In a conference call to discuss the company's 2011 results, chief executive Jean-Paul Clozel alluded to deaths in the phase III SERAPHIN trial of macitentan - a successor to its top-selling Tracleer (bosentan) for pulmonary arterial hypertension (PAH).
This resulted in a newswire article which implied that there may be a problem with the programme, which is not due to generate results for several weeks.
SERAPHIN is looking at macitentan's ability to improve both morbidity and mortality in PAH patients, so deaths are expected and in fact are a signal to start concluding the trial in preparation for statistical analysis of the results.
Until the data is clarified the cause of the deaths will not be clear.
The reaction in Actelion's share price (which has started to recover ground today) reflects the importance attributed to macitentan in the face of pressure on Tracleer sales from rival PAH drug Letairis (ambrisentan) from Gilead Sciences.

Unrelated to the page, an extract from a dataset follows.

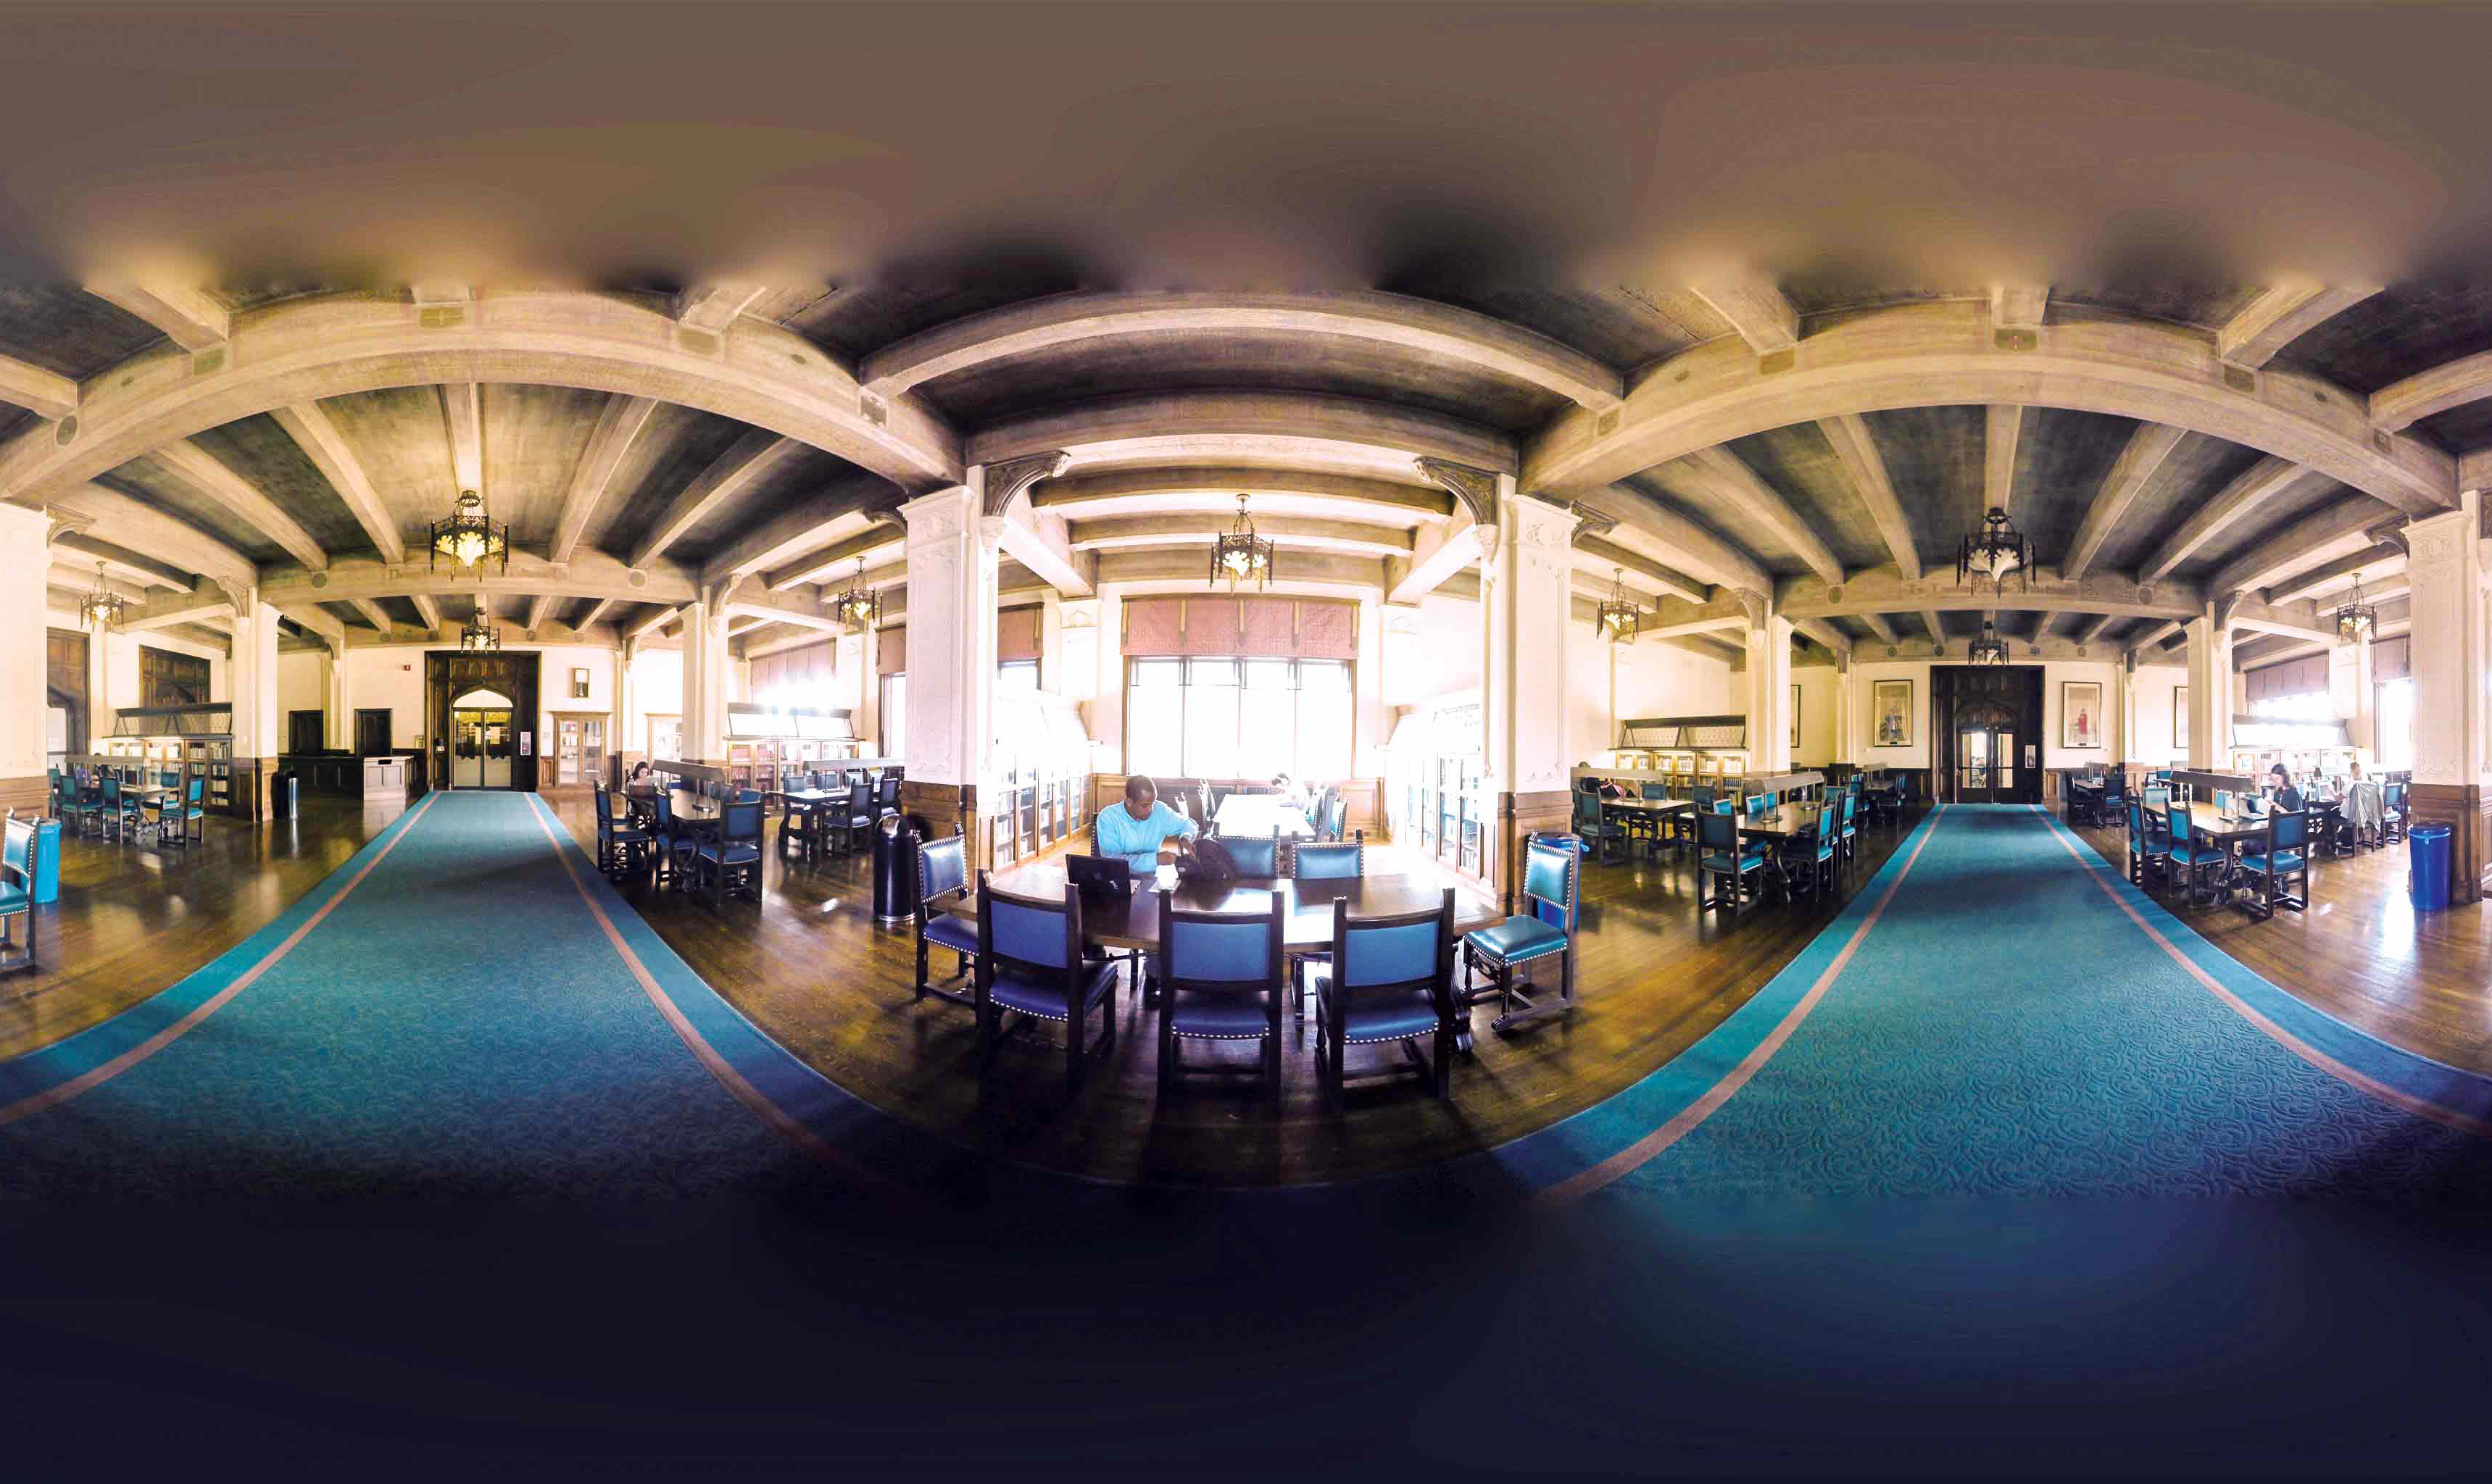 Google 360 view of the USF reading room
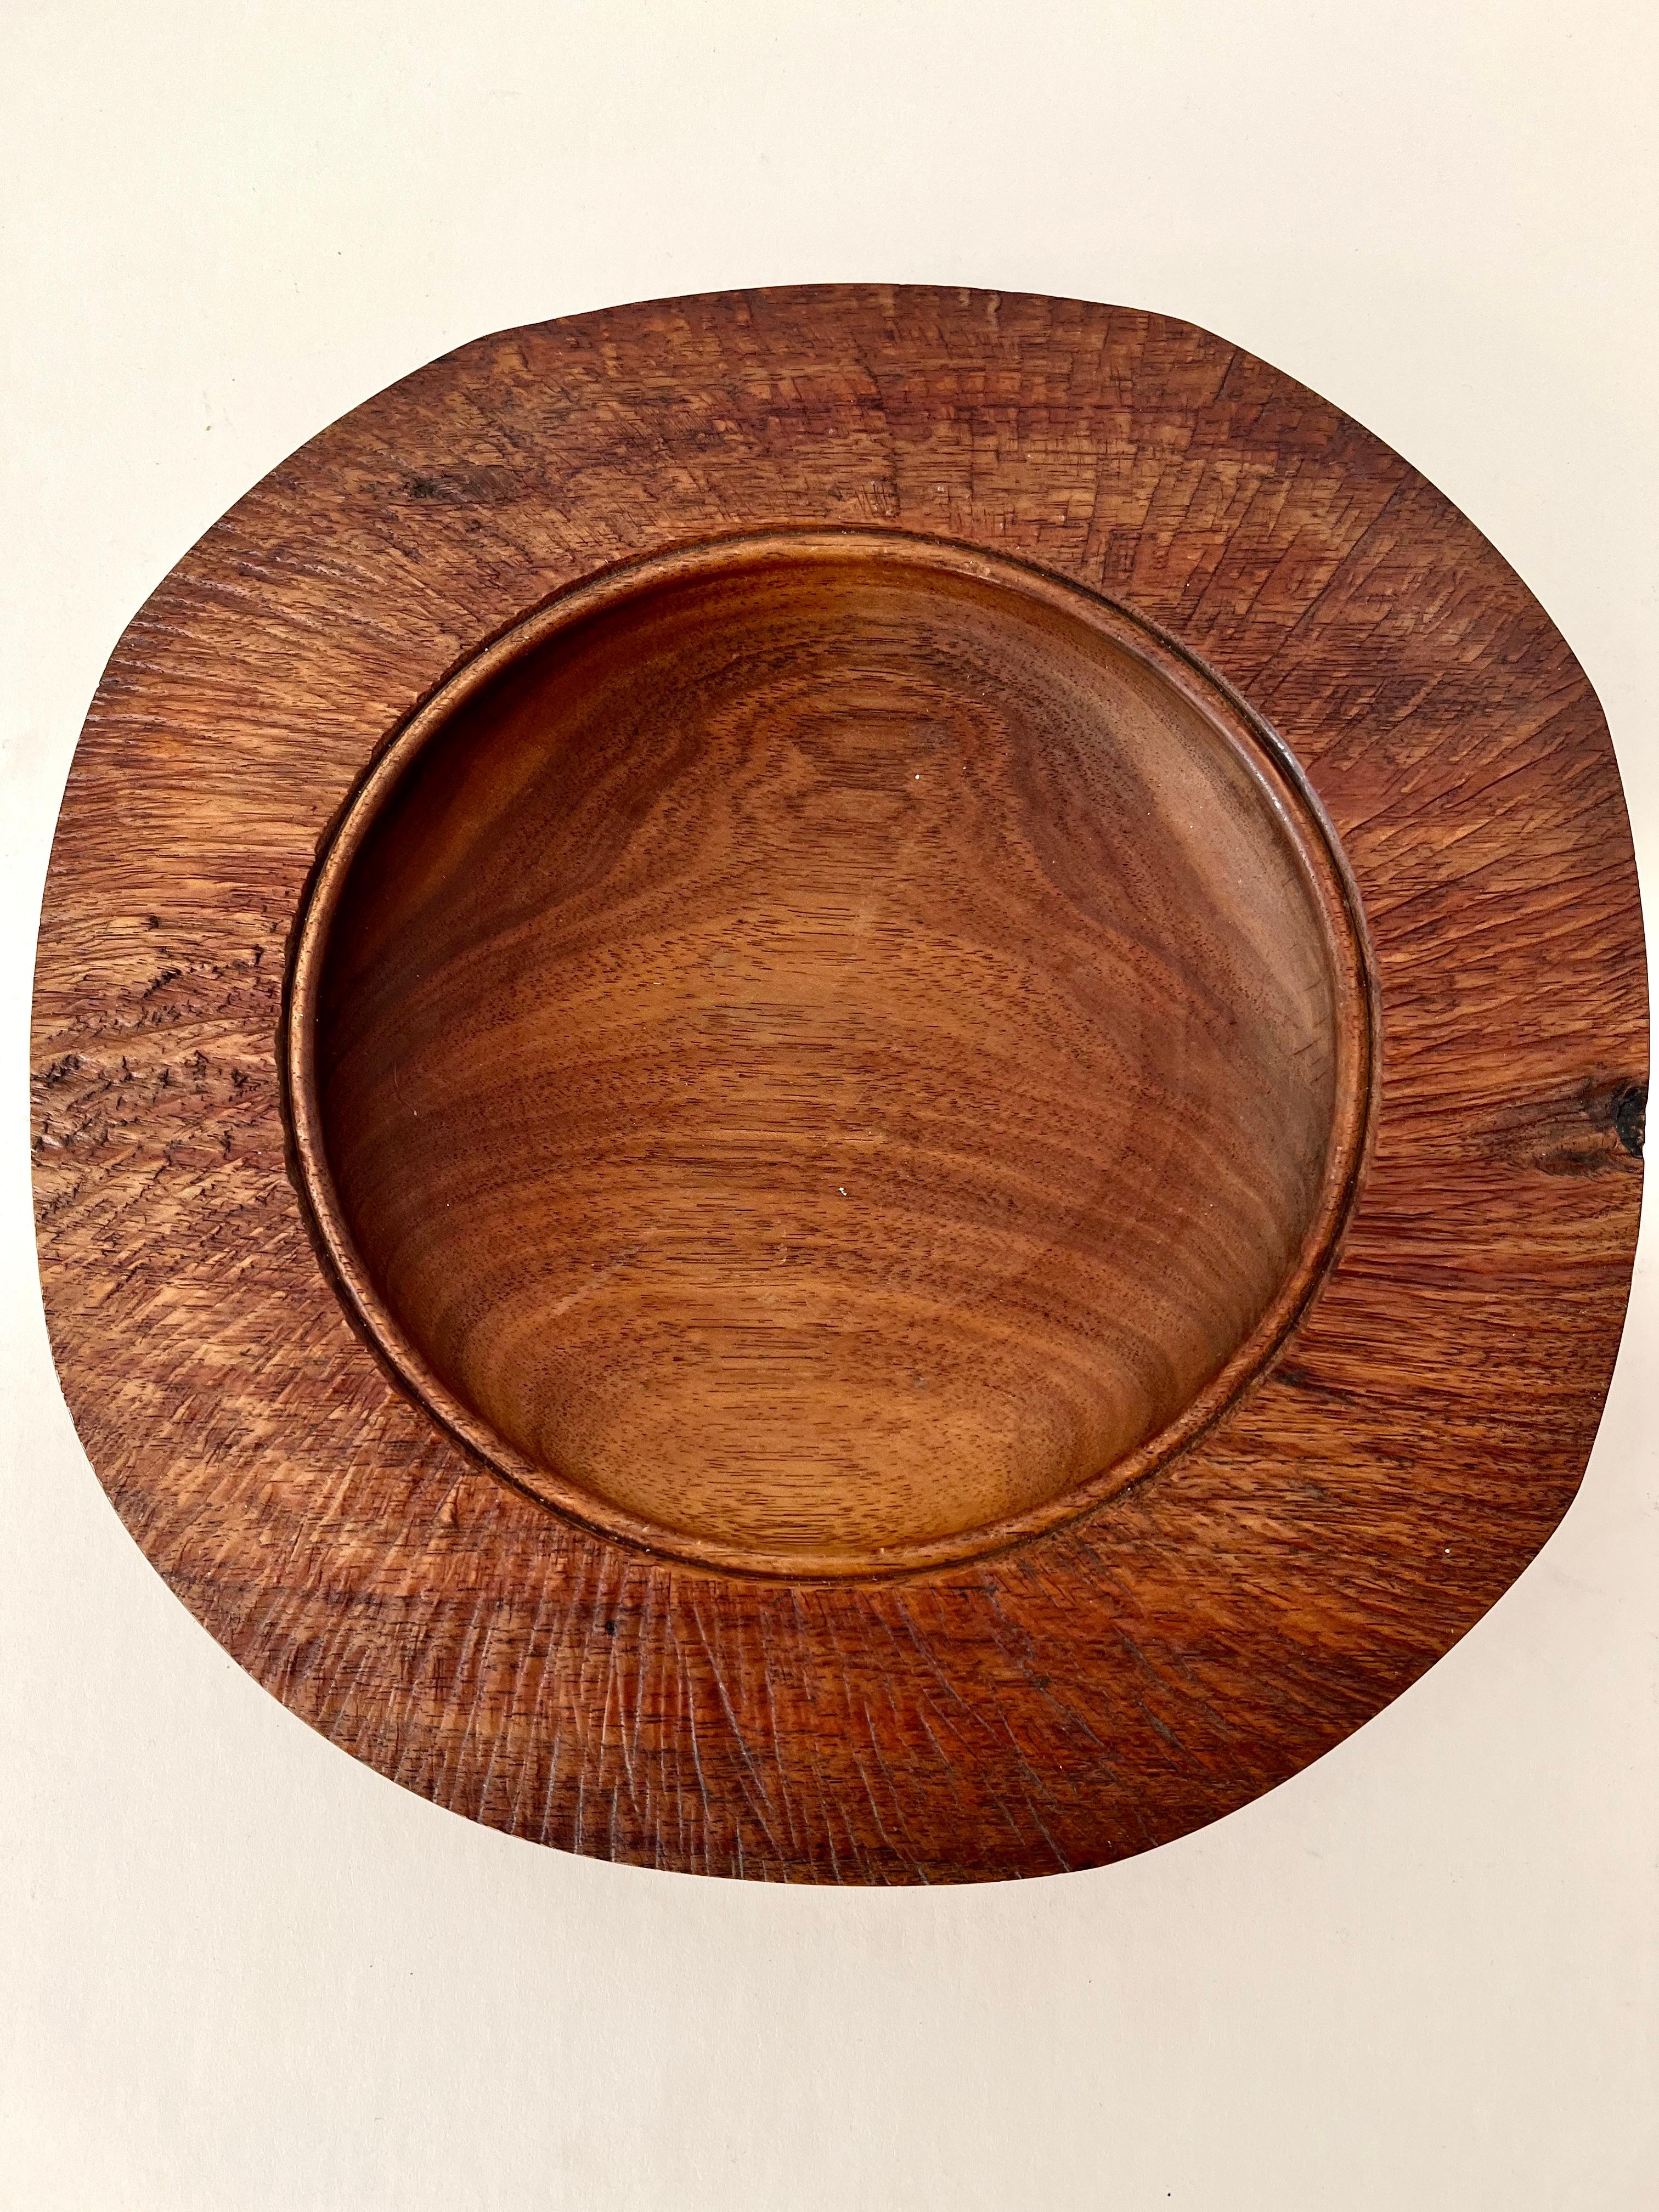 Hand-Crafted Signed Handmade New Zealand Blackwood Bowl with Rough Hewn Edges For Sale

Sales of Tracleer fell 7 per cent in 2011 to 1.52bn Swiss francs ($1.66bn), with Actelion's total revenues slipping by the same margin to 1.8bn francs.
Meanwhile, Letairis grew 22 per cent to $293m in the same period thanks to the approval of new labelling in the US which removed a warning about liver toxicity.
Action's revenues from Ventavis (iloprost), another PAH drug, also slipped 10 per cent to 106m francs, while turnover of Gaucher disease therapy Zavesca (miglustat) was flat at 69m francs.
The Swiss firm posted a net loss of 146m francs in 2011, swinging from a profit of 390m francs in 2010, and is expecting single-digit declines in product sales in 2012.
Clozel said that the company is now looking to its product pipeline - including macitentan - to restore the growth trajectory it has enjoyed in the last decade.
In addition to the phase III trial in PAH, Actelion has also started a pivotal study of macitentan in patients with ischemic digital ulcers associated with systemic sclerosis.
Other pipeline prospects include selexipag, another PAH candidate in phase III testing, oral multiple sclerosis therapy ponesimid in phase IIb, and asthma and allergic rhinitis drug setipripant in phase II.